**Your task**
Leave the pictures out. Retype exactly the lines below from the one containing "214d13c64 Ipanema Women" through the one containing "Knotting Hill Place", and no others.

**Records**
------------

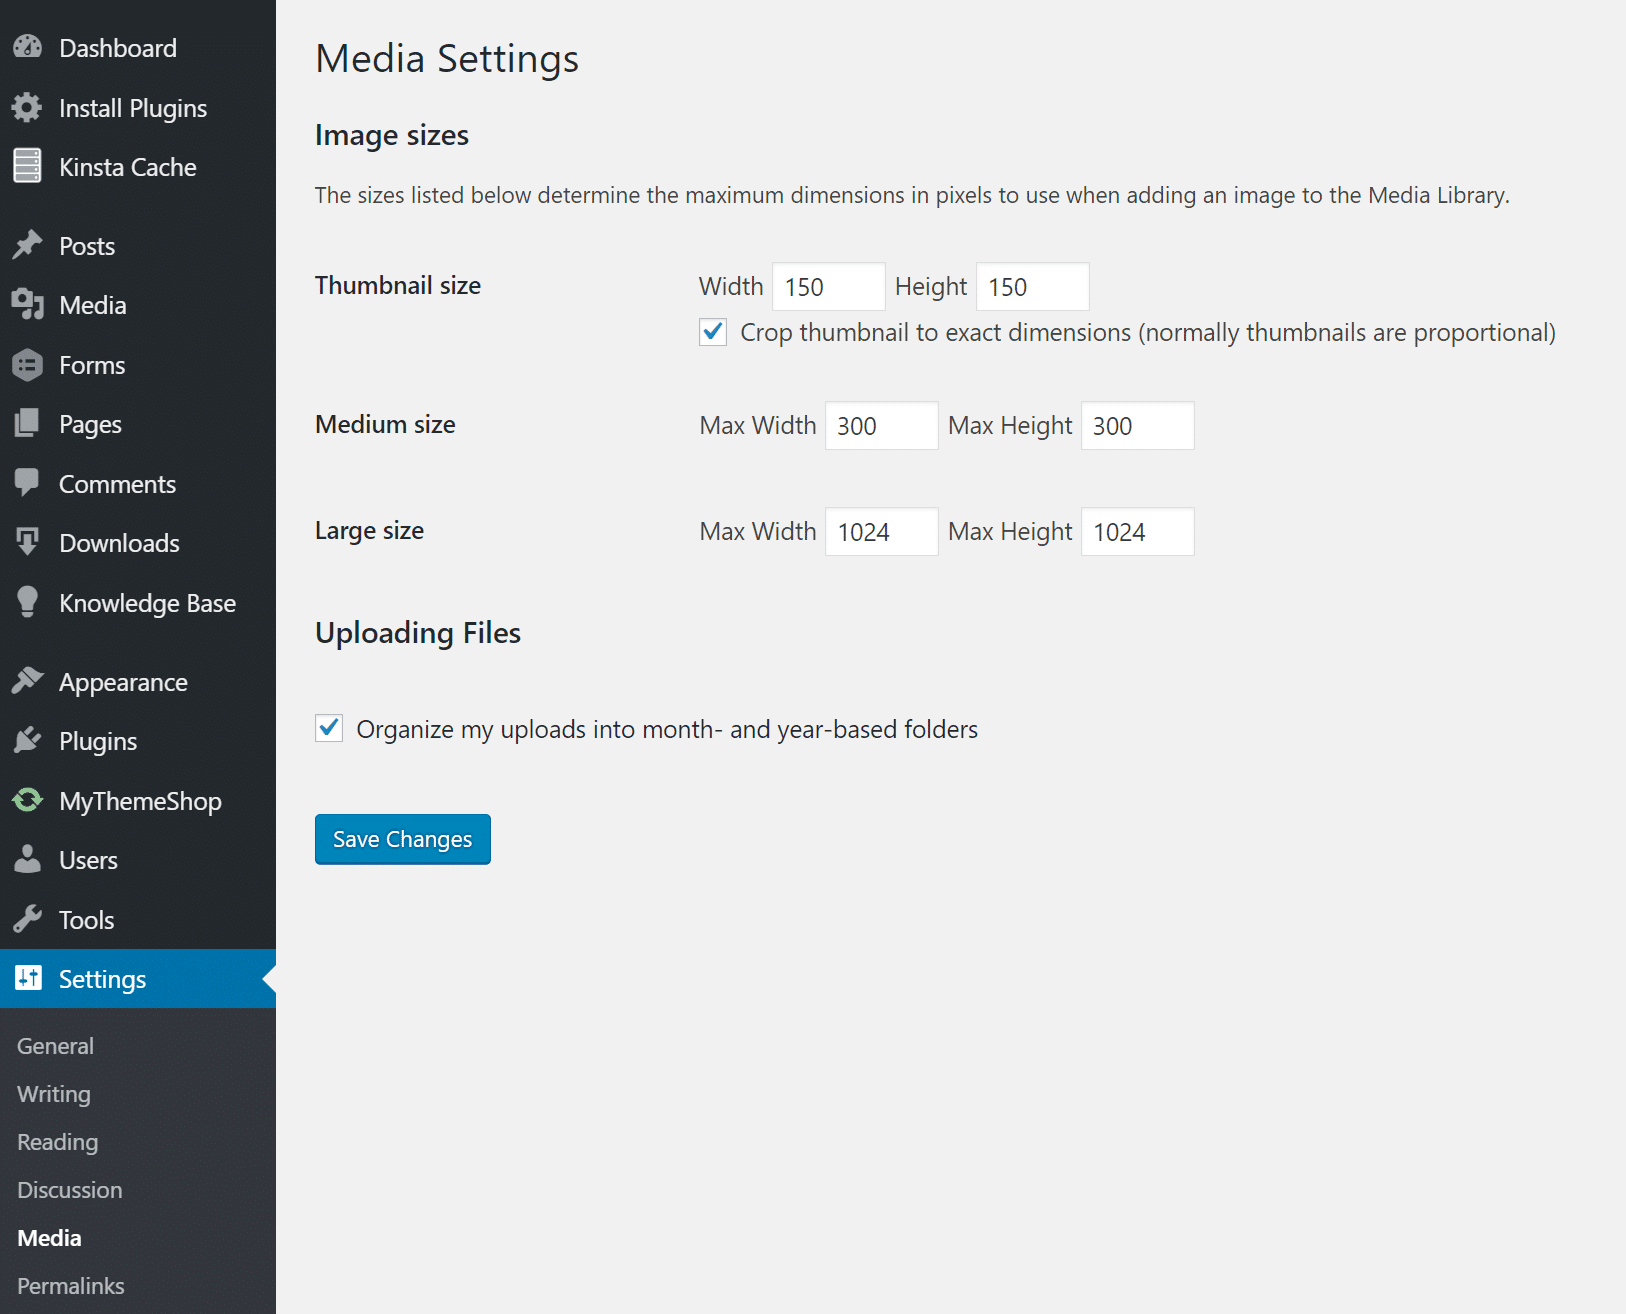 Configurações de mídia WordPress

------------

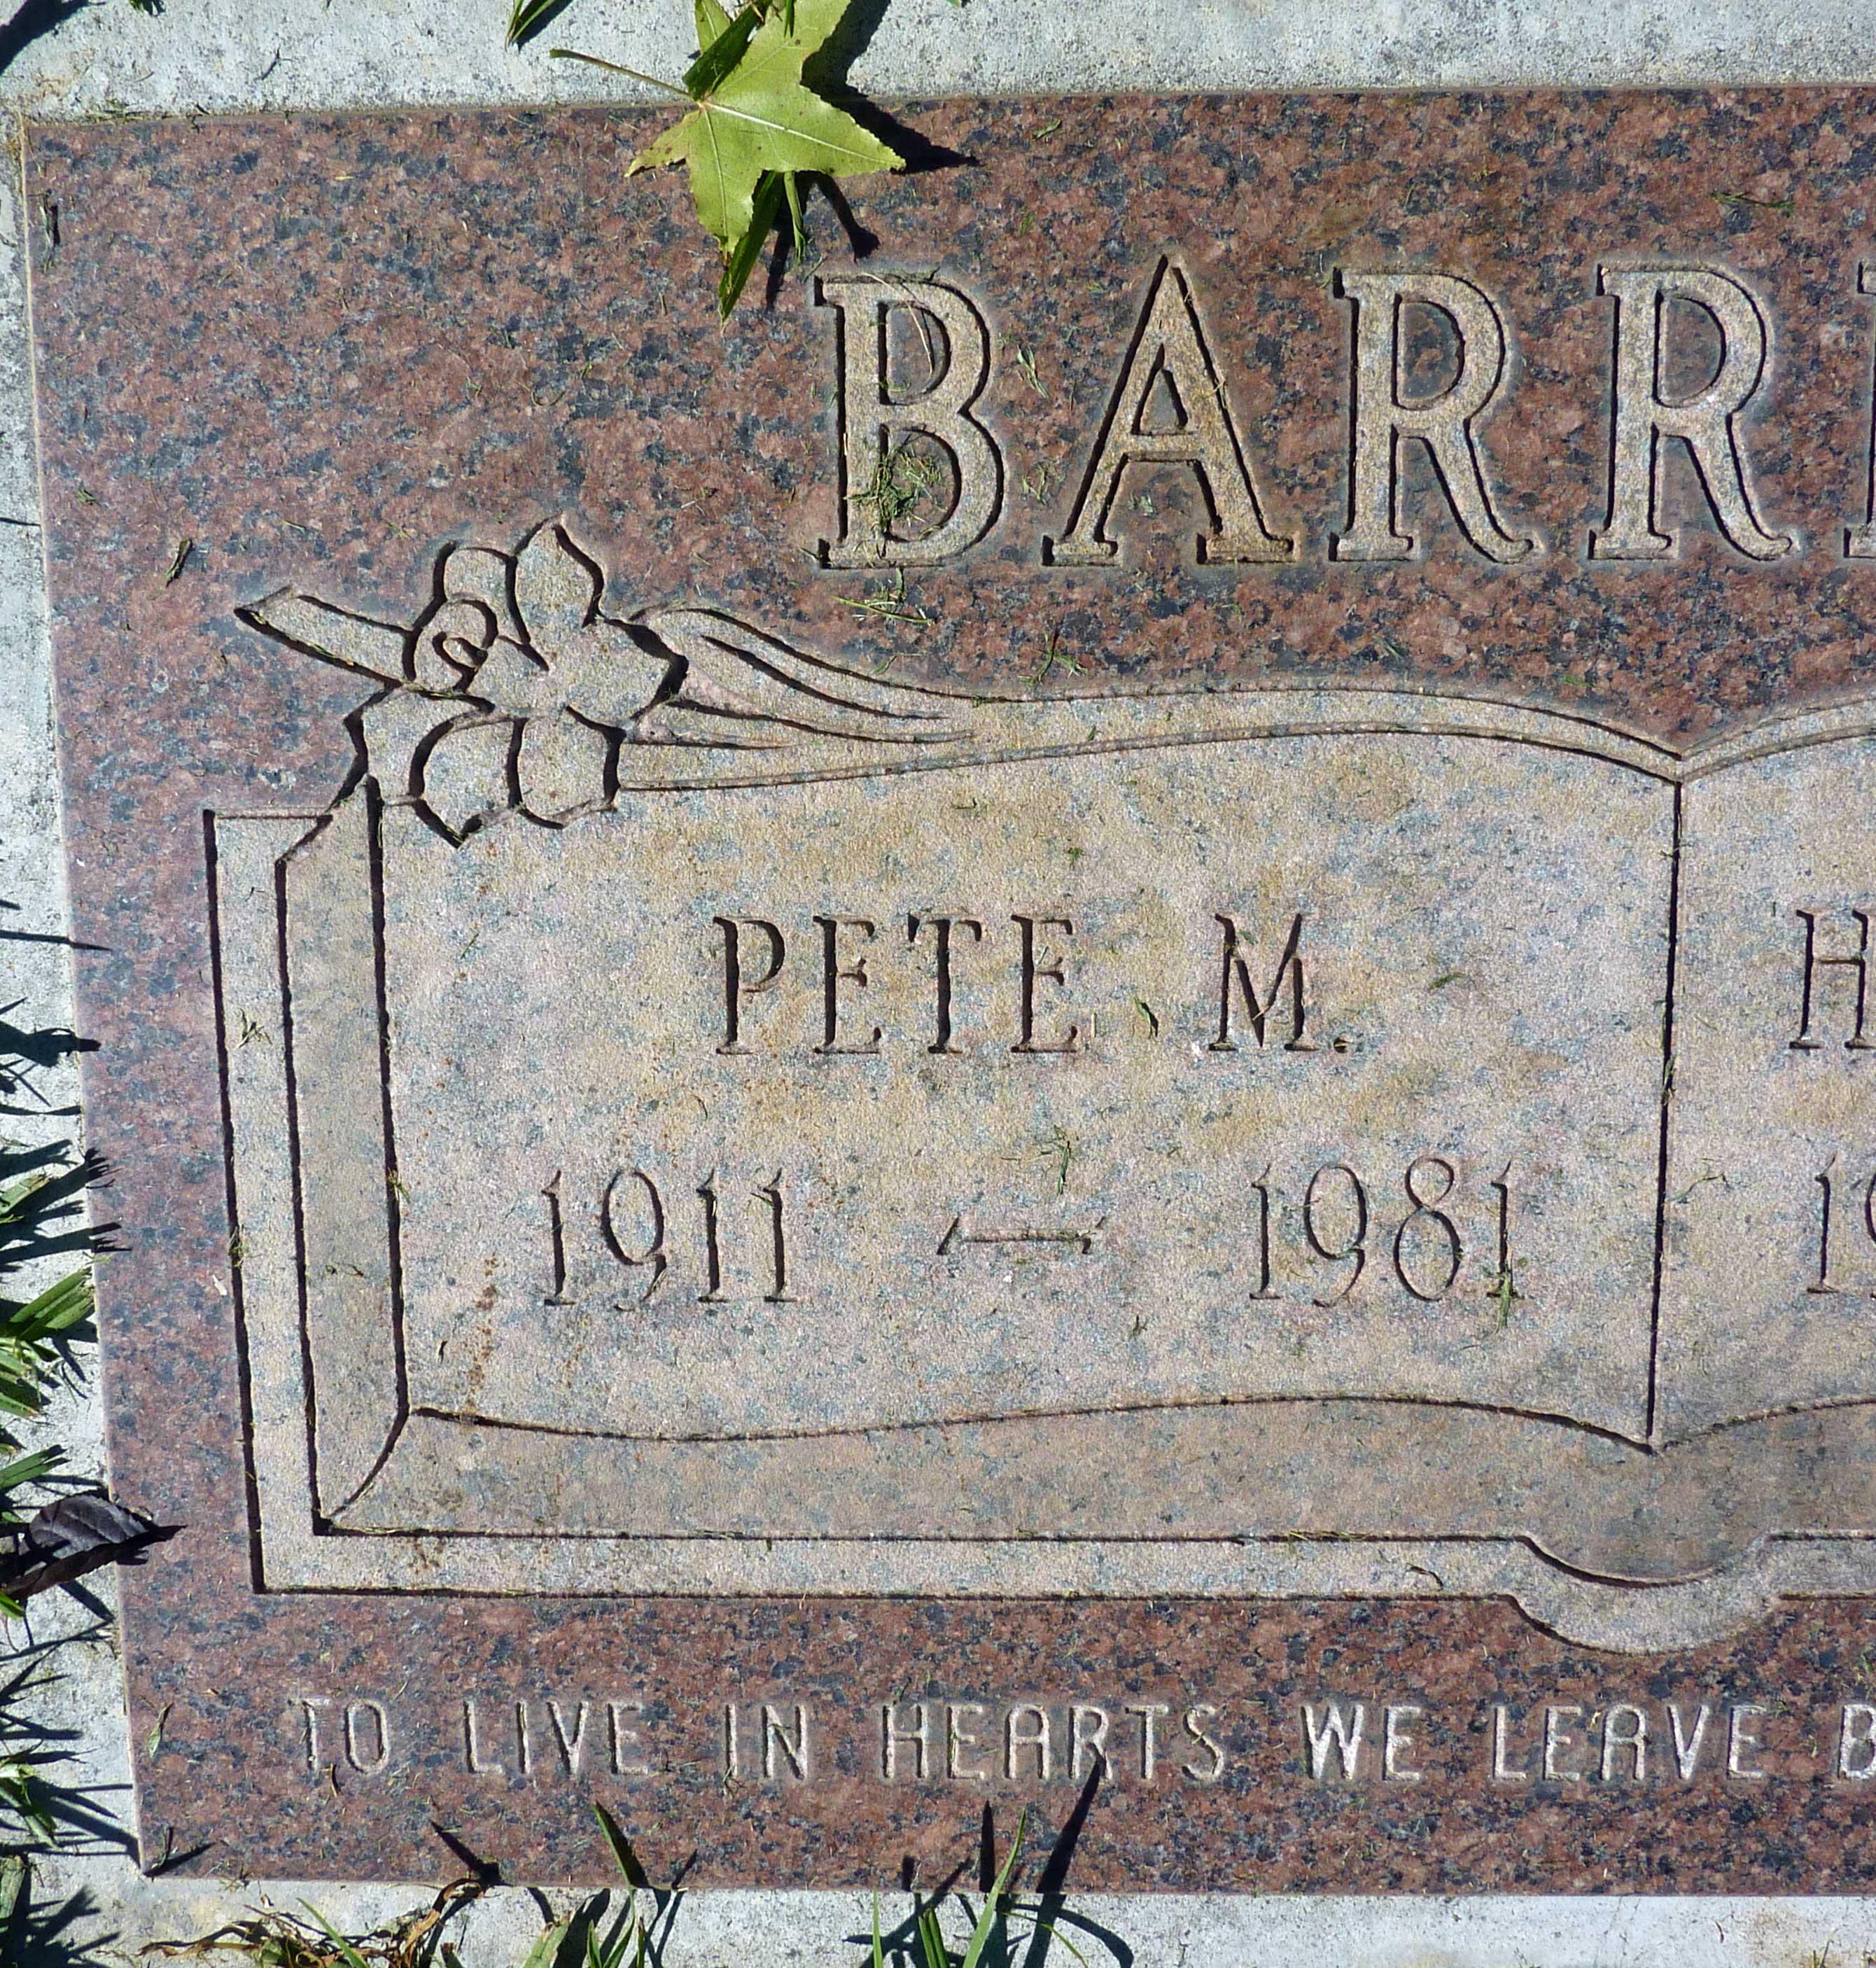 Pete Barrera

------------

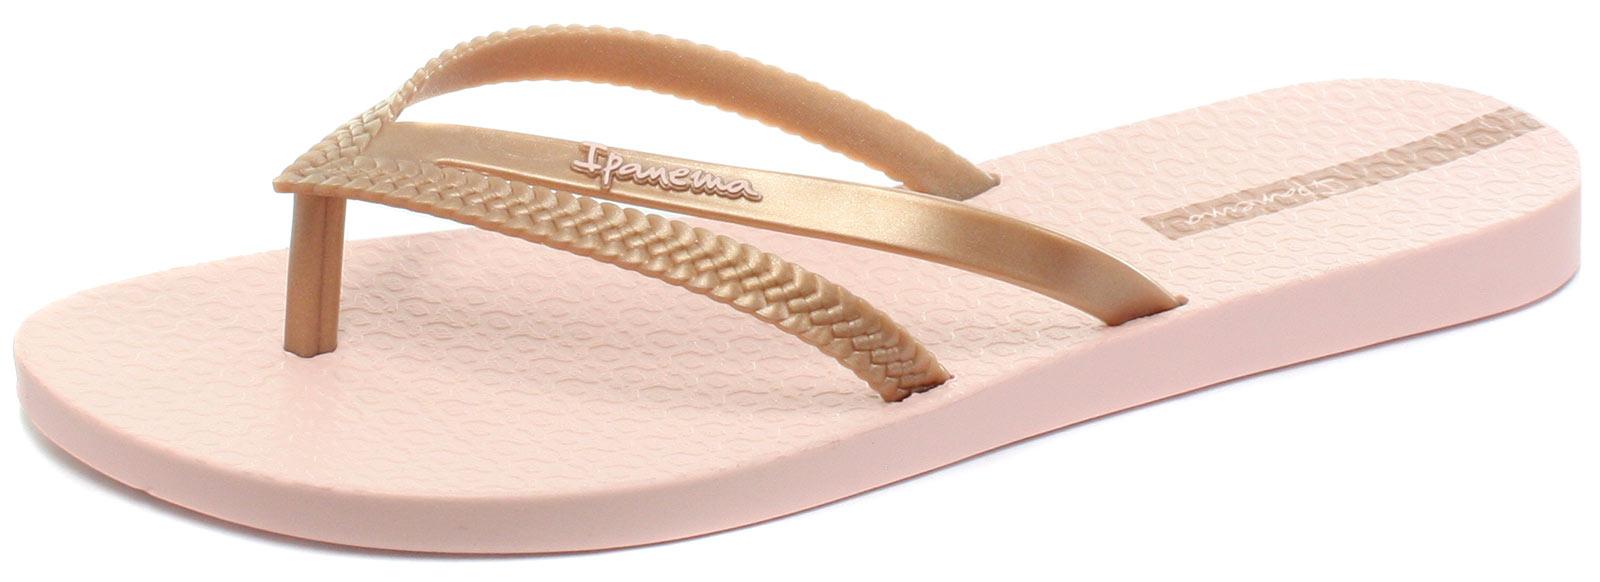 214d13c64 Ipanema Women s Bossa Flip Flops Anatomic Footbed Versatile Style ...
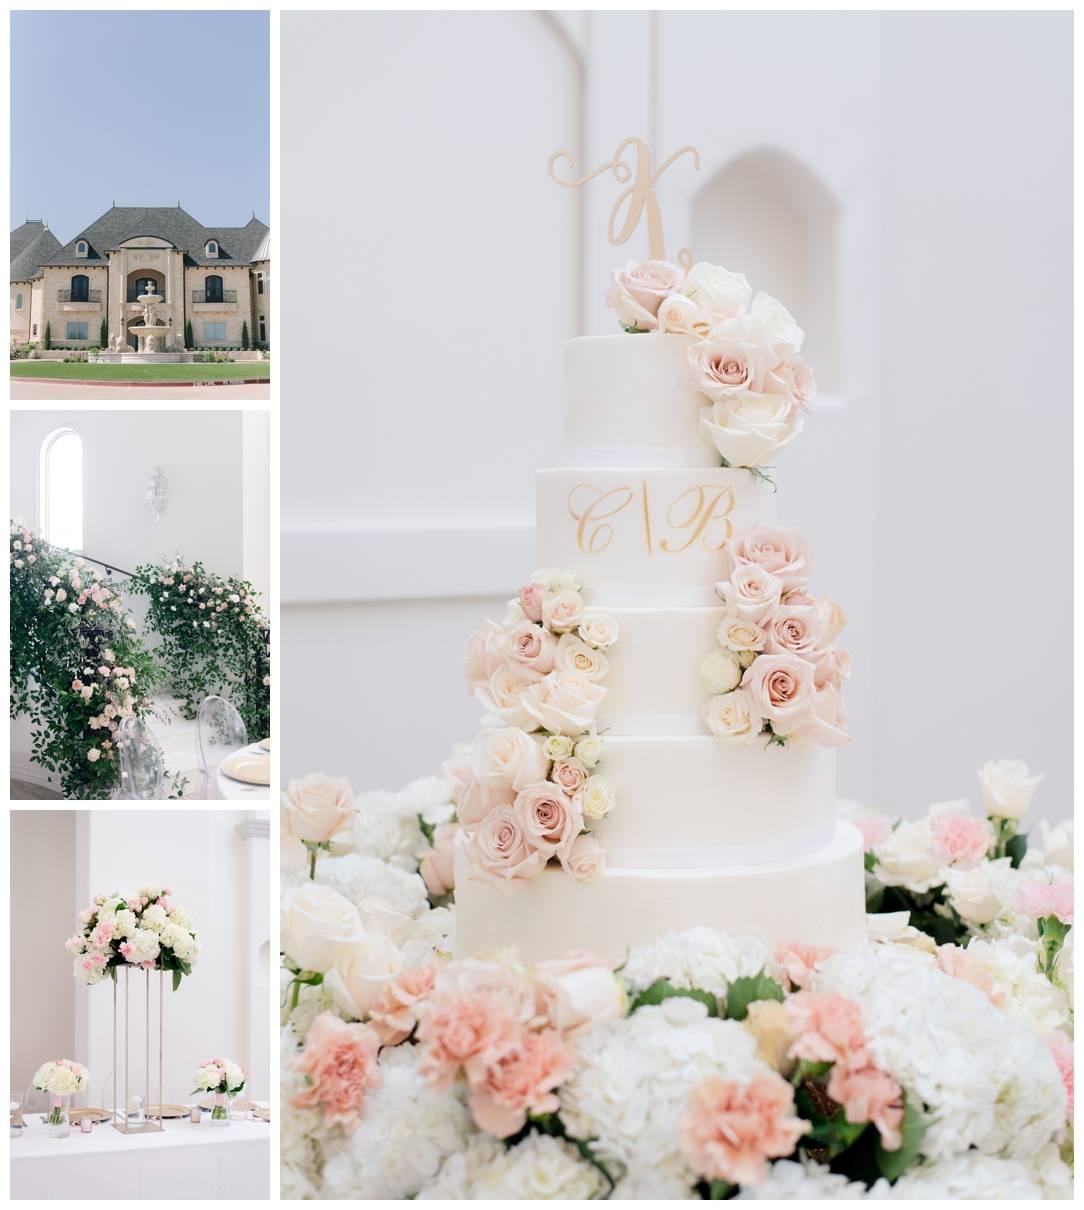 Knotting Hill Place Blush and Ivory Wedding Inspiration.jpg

------------

**Completed task**
 214d13c64 Ipanema Women s Bossa Flip Flops Anatomic Footbed Versatile Style ...
 Knotting Hill Place Blush and Ivory Wedding Inspiration.jpg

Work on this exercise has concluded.